On the other hand, not dealing with actors or any other willing hands means I have to do the whole thing pretty much by myself and that is a mixed bag. The more you do on your own the more there is to worry about, the more there is to forget or to simply be unable to accomplish. I simply cannot film, take stills and, for example, hold a microphone boom alone so, often, I have to keep the microphone on the camera and not as close as I would like to the interviewee. Of course to say I made the last film all on my own is, in point of fact, absurd. SARA funded it, John Gilberg made my plane reservations, Dr. Jake Kuttothara drove me to the airport, Mike Butcher helped me with technical equipment issues and picked me up at the airport, Leonidas Maravilla drove me all over El Salvador and carried my still-camera bag when I was shooting video and my video bag when I shot stills and on and on. In the editing process Jesse Ewing designed the DVD cover and Jeff Pasek composed the instrumental soundtrack. Still, if I hadn't had Jesse I would have made the cover myself and I at least tried my hand for a while attempting to compose music in GarageBand. If you have a DVD of Robert Rodriguez's "Once Upon a Time in Mexico" watch the extra short film, "Ten Minute Film School." Rodriguez in no way makes movies all by himself. On the other hand he is now shooting digitally and personally does a lot of the editing, music and filming, involved in every step and thus in control of every step.
So this is my situation, in the end it is me that is responsible in every way for the finished outcome of my documentaries. I get all the credit (except where other credit is due and duly given) and I take all the blame as well if there is any to be apportioned. I would like, very much in the future to have, sometimes anyway, another person to work with. Someone to talk out problems and simply to talk to at the end of the day.
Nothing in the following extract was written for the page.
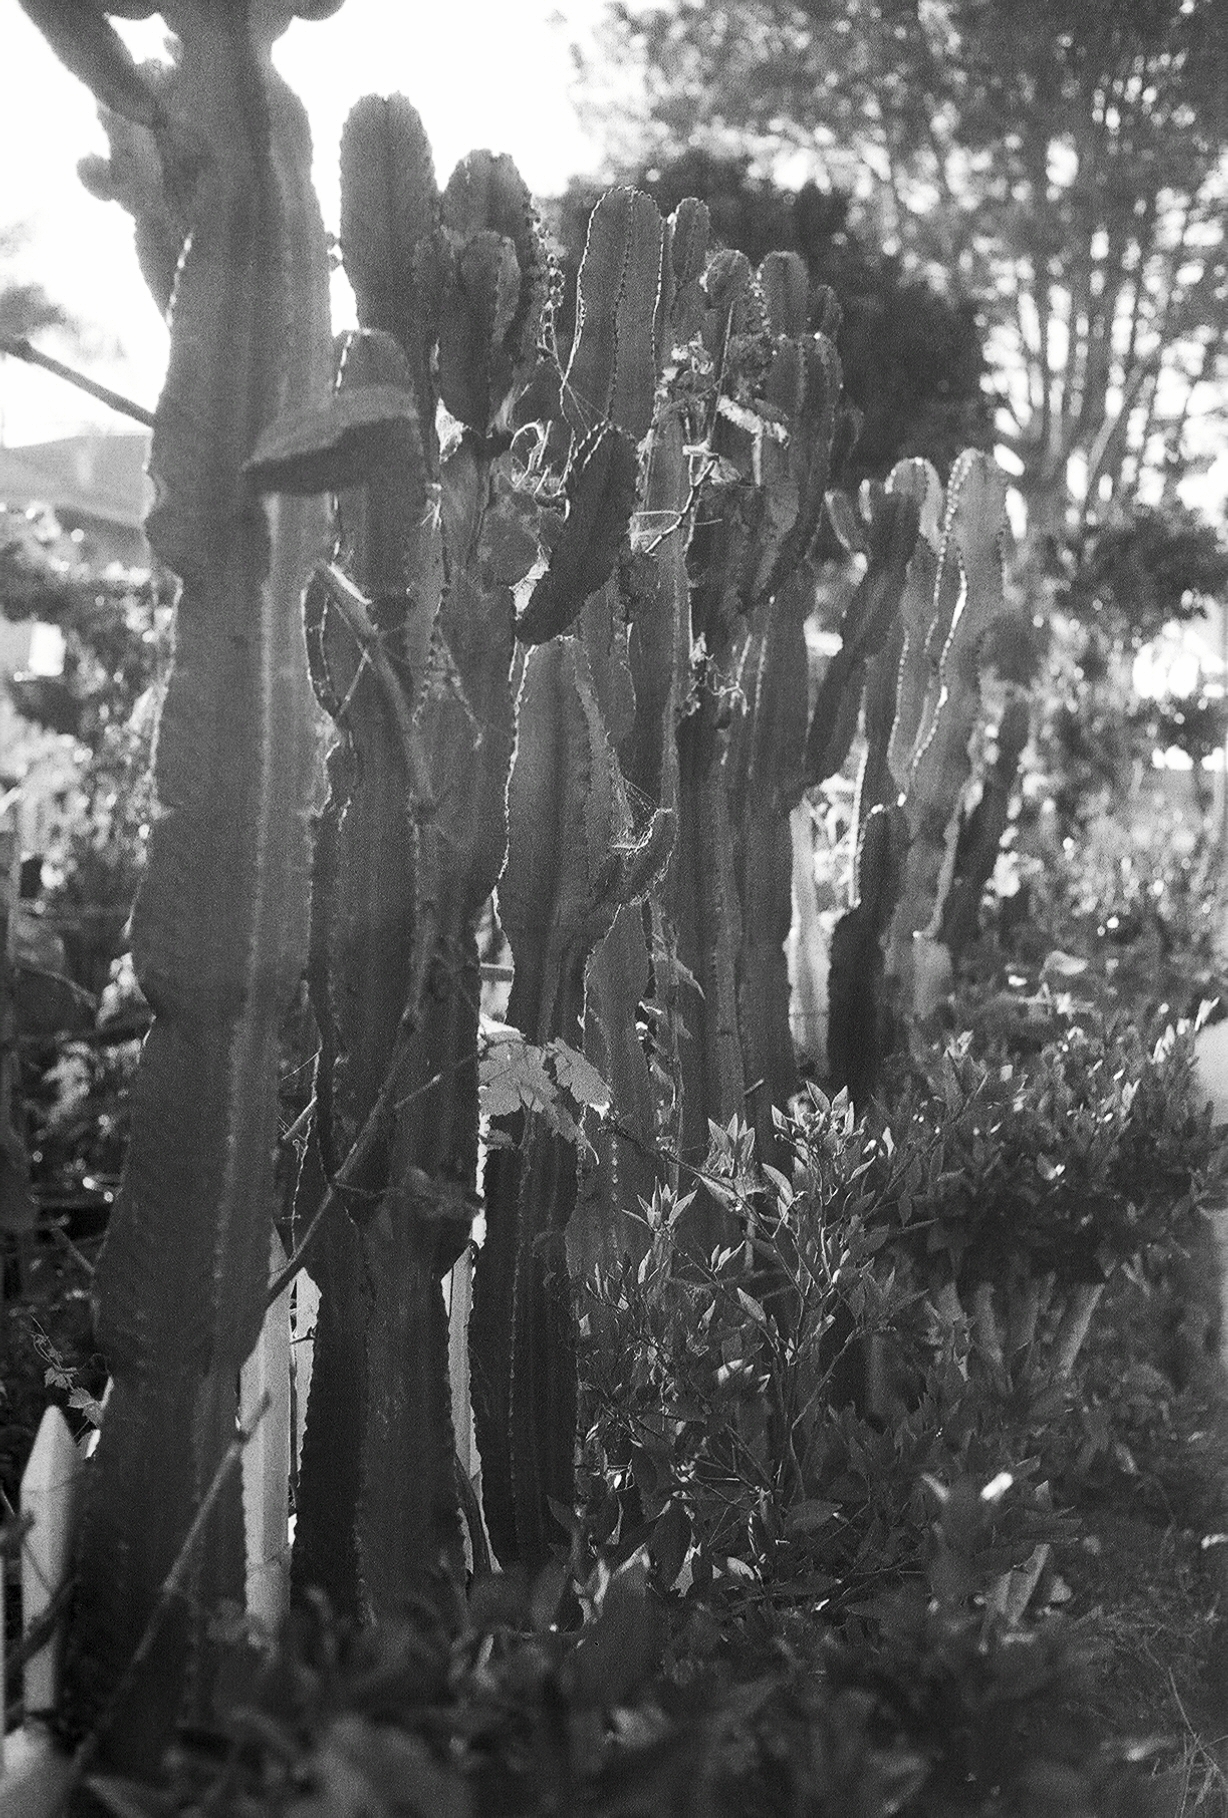 Black and White Film Photograph of Cacti in Encinitas California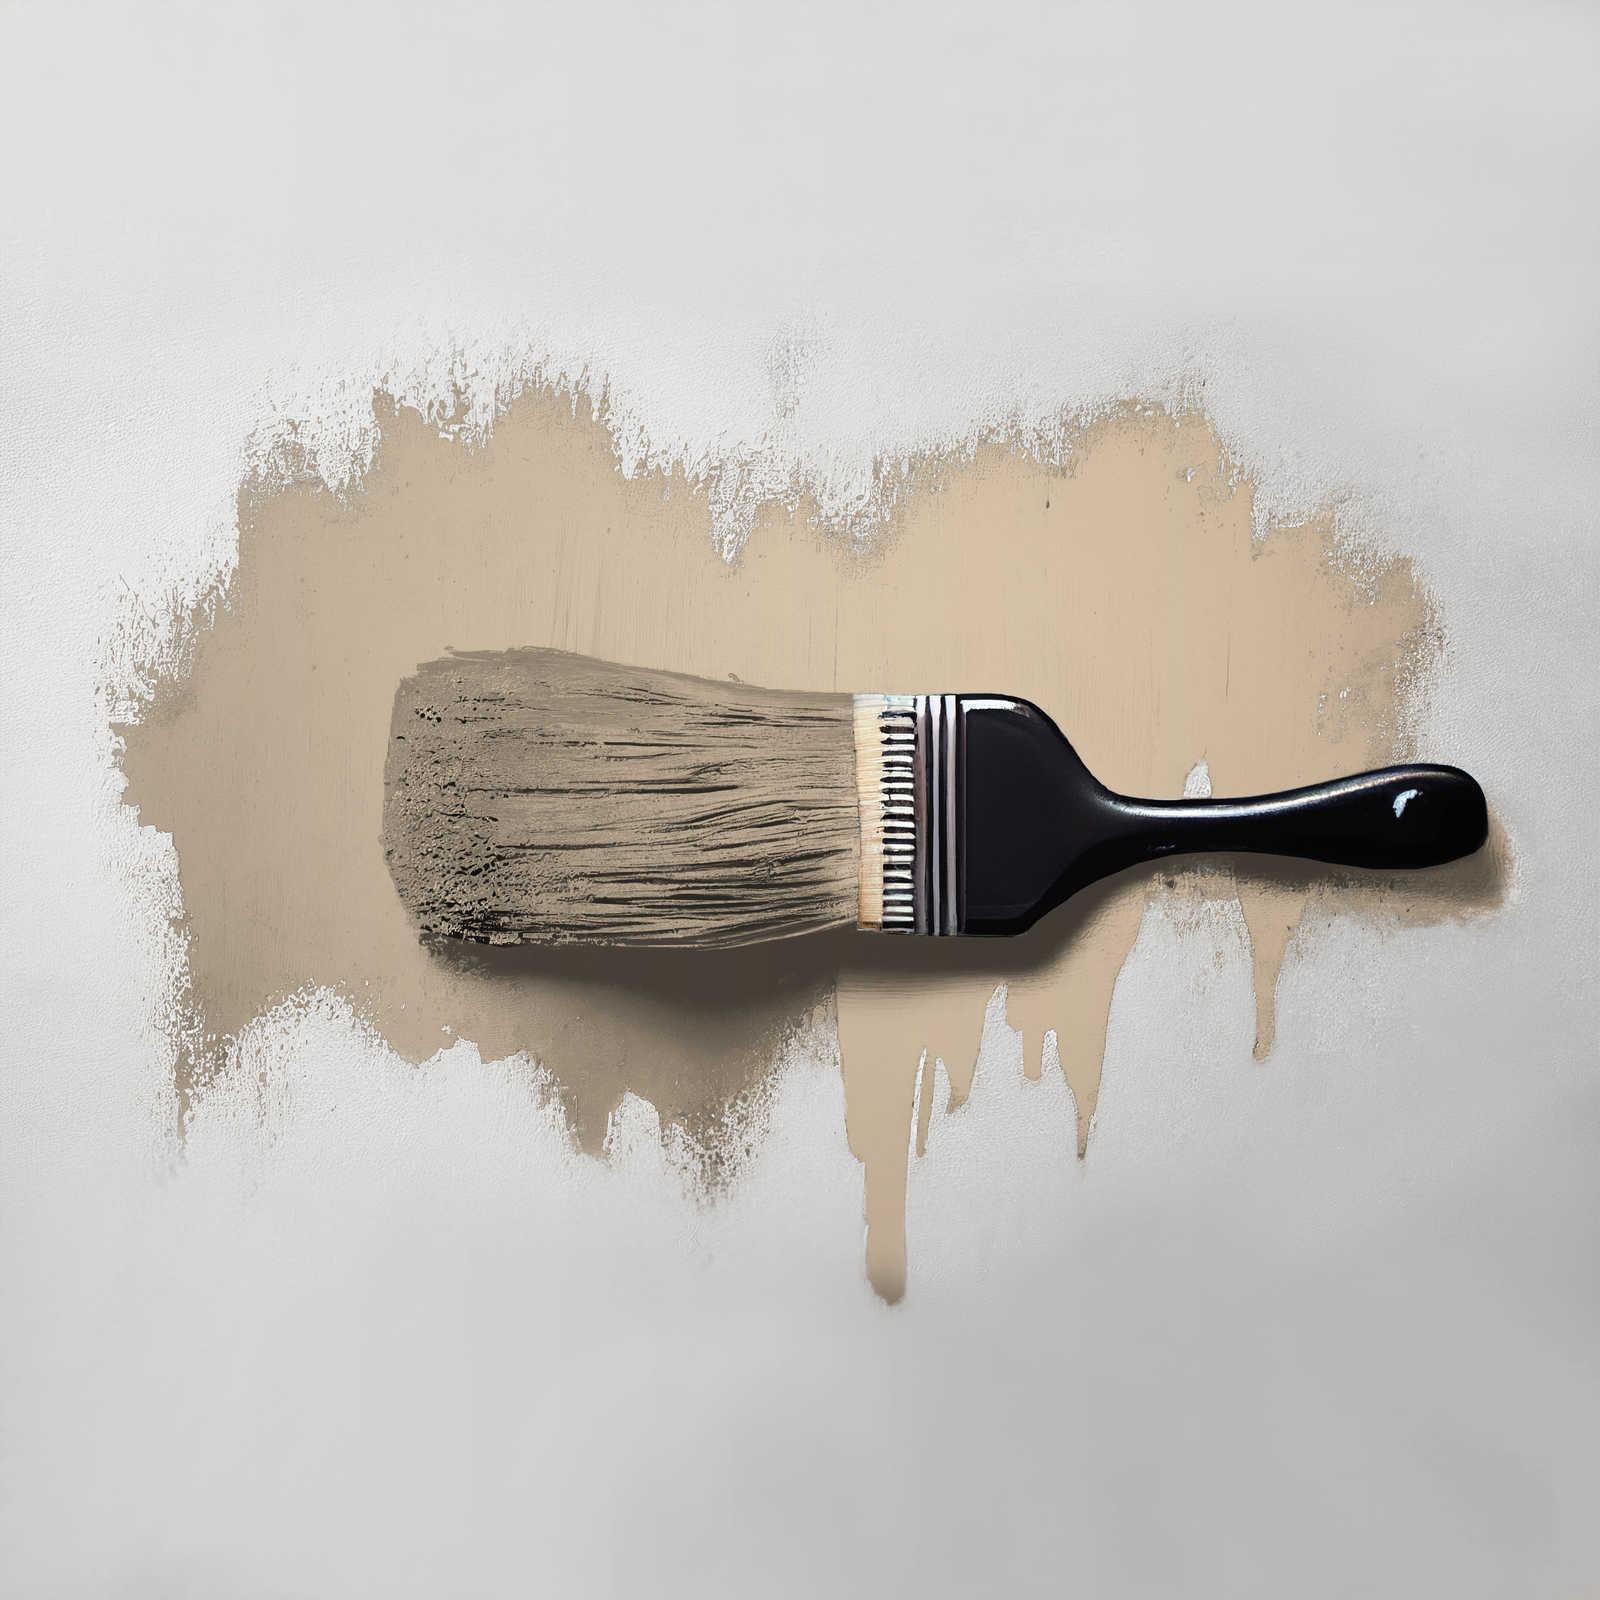             Peinture murale TCK6002 »Flat White Coffee« en beige chaud – 2,5 litres

In El Salvador I ate a lot of lonely meals with nothing but my notebook to keep me company or to hash out the day's and the next day's shooting. It would be a boon to have someone to help carry the equipment, have a second camera running and a second pair of eyes. But that is not for now. Which brings me to my dilemma. Those who know me know I spend a lot of time obsessing about packing. Frankly I think it is a form of personal therapy, a meditation exercise with practical applications. I envision my backpack, my camera bags, the contents of my pockets both before the plane flight and afterwards. I think of what I will need in, one hopes, any situation I will find myself, what I can and cannot manage to carry and how it will all work together. I have been trying to figure out, then, what cameras I will take.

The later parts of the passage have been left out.